Ebitda decreased by 4.4% to Rs 2020.7 crore. Margins were down 80 basis points q-o-q, while revenue growth in constant currency terms was down 30 bps.
Tech Mahindra’s deal wins during the quarter were down to $592 million from $795 million in the third quarter of FY23, the lowest in the fiscal owing to the tougher environment. The company attributed a drop in margin of 60 bps to adverse foreign exchange impact, investments in technologies for the future and wage revisions. This was offset partially through a reduction in sub-contracting and cost reduction.
Managing director and CEO CP Gurnani said while there was no ramping down or deal cancellation, decision-making had slowed down. Retail, transport, logistics, communication, media and entertainment verticals had seen weakness. There was a steep 10% q-o-q drop in the retail vertical.
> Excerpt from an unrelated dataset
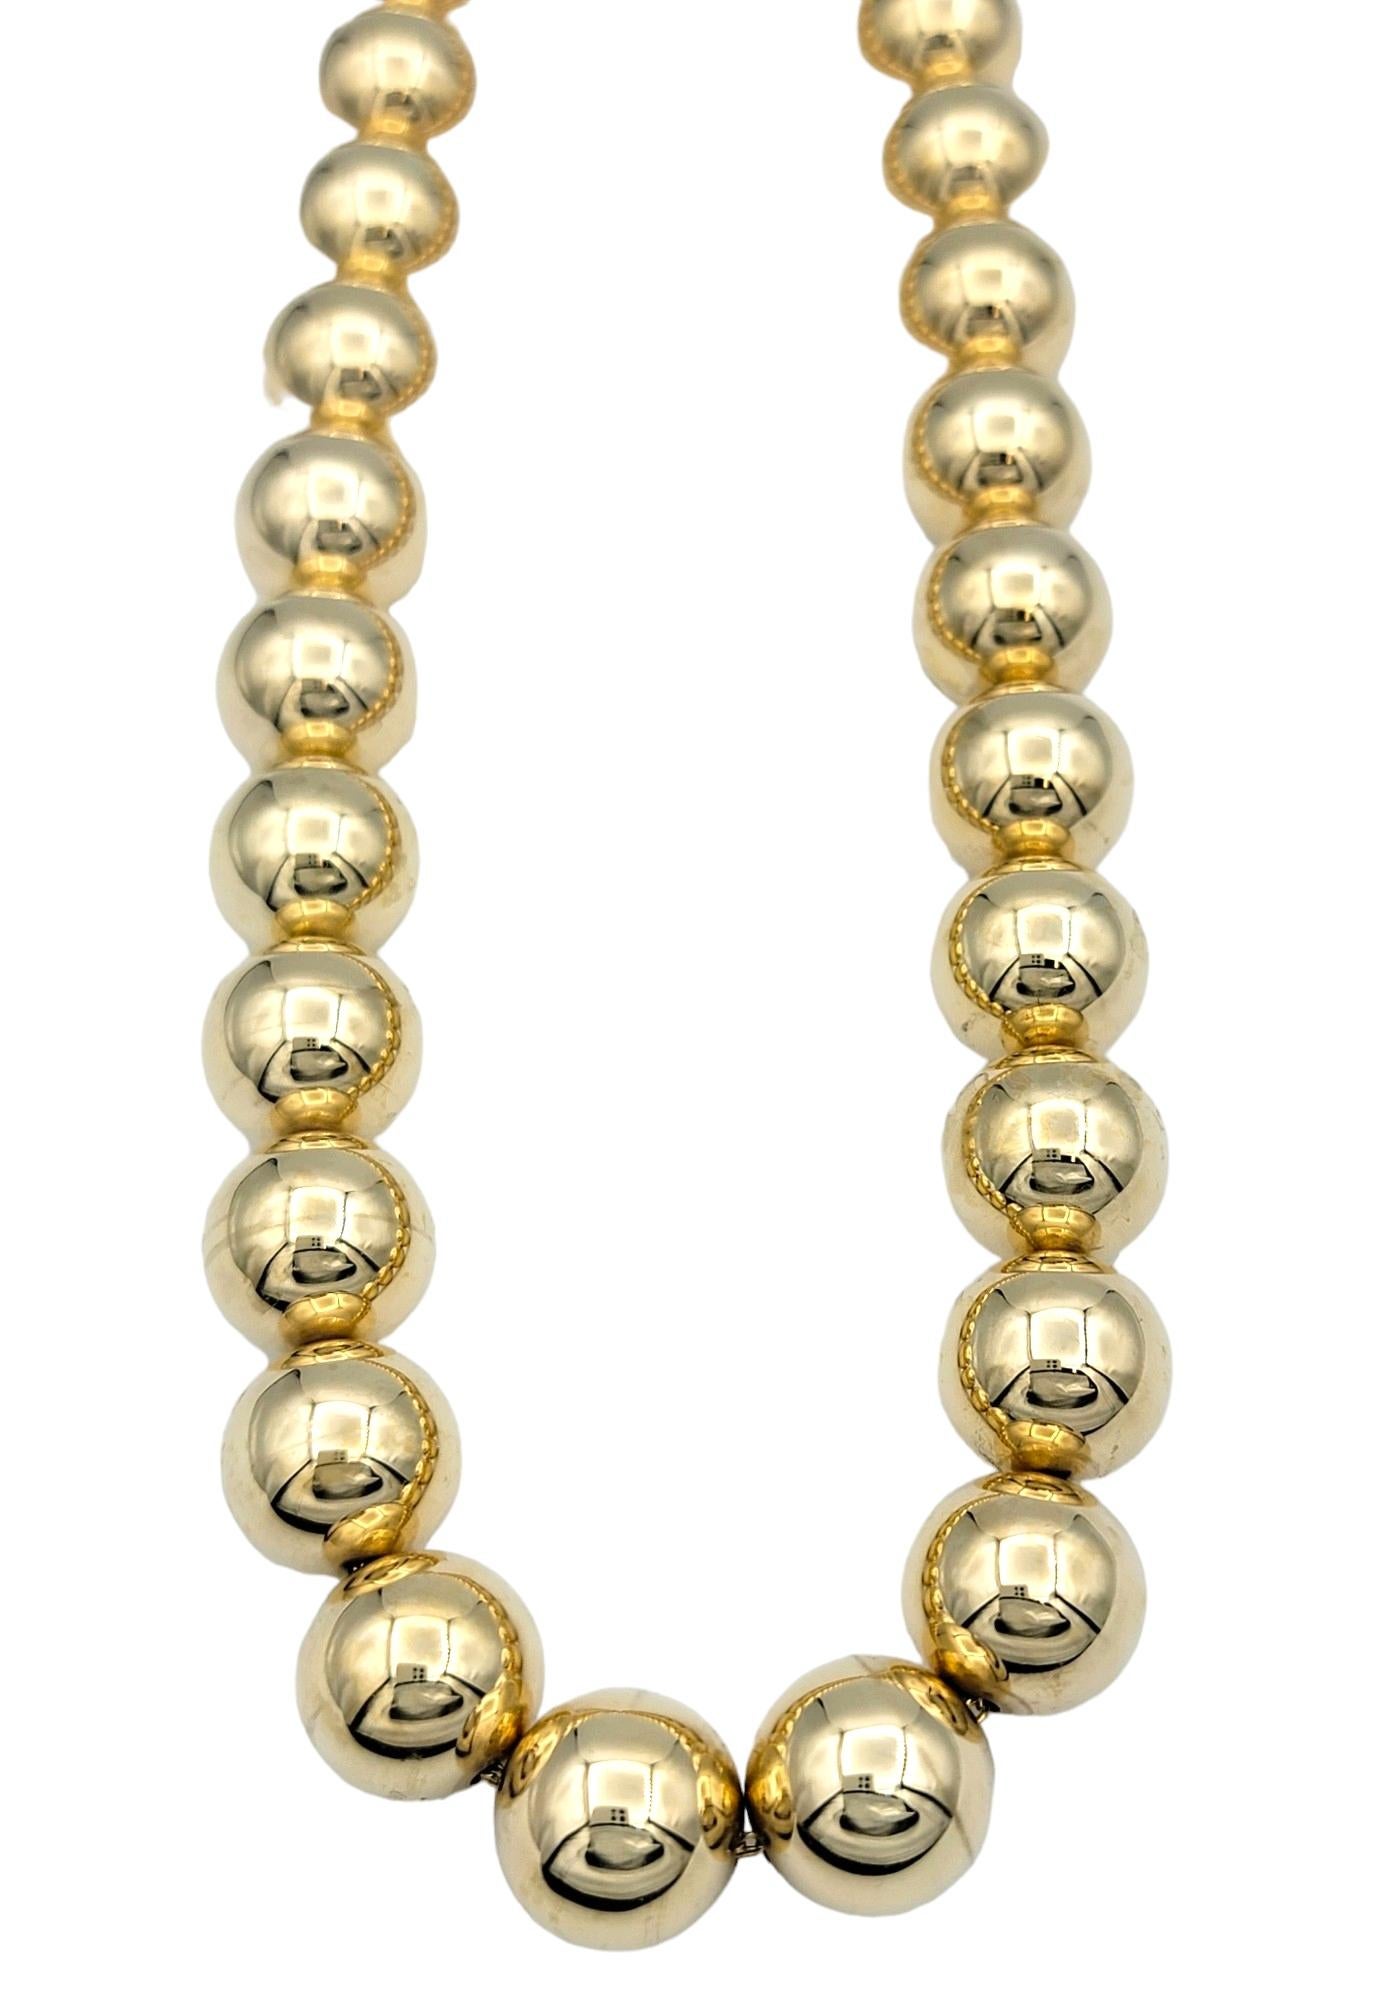 Diese wunderschöne Halskette aus 14-karätigem Gold besticht durch ihr atemberaubendes Design mit großen Kugelperlen, die aus hochglänzendem Gold gefertigt sind. Die kugelförmigen Perlen, die sorgfältig bearbeitet wurden, um einen spiegelähnlichen

They would shift focus to other verticals such as insurance and healthcare.
Headwinds would last a few quarters but a resurgence of IT services would happen soon and it could be two quarters away, Gurnani said.
Clients would evaluate and realise the benefit of outsourcing, he added. As interest rates come down in the US and it entered an election year the economy was expected to come back. The second half of FY24 could also see large deals returning with deal wins expected to be significantly higher than $ 3 billion in FY24, Gurnani said. The company would continue to invest and focus on new technologies, upskilling and leadership transition.
The drop in margins was temporary and an upward tick could be expected over the next few quarters, CFO, Rohit Anand, Tech Mahindra said.
Meanwhile, the company was looking at repurposing resources based on industry trends, working on new strategies such as co-creation with customers such as Google and working more closely with the Mahindra Group and monetization of the IP. The company was also looking at new geographies such as Japan and the Middle East to offset the slowdown in US and Europe.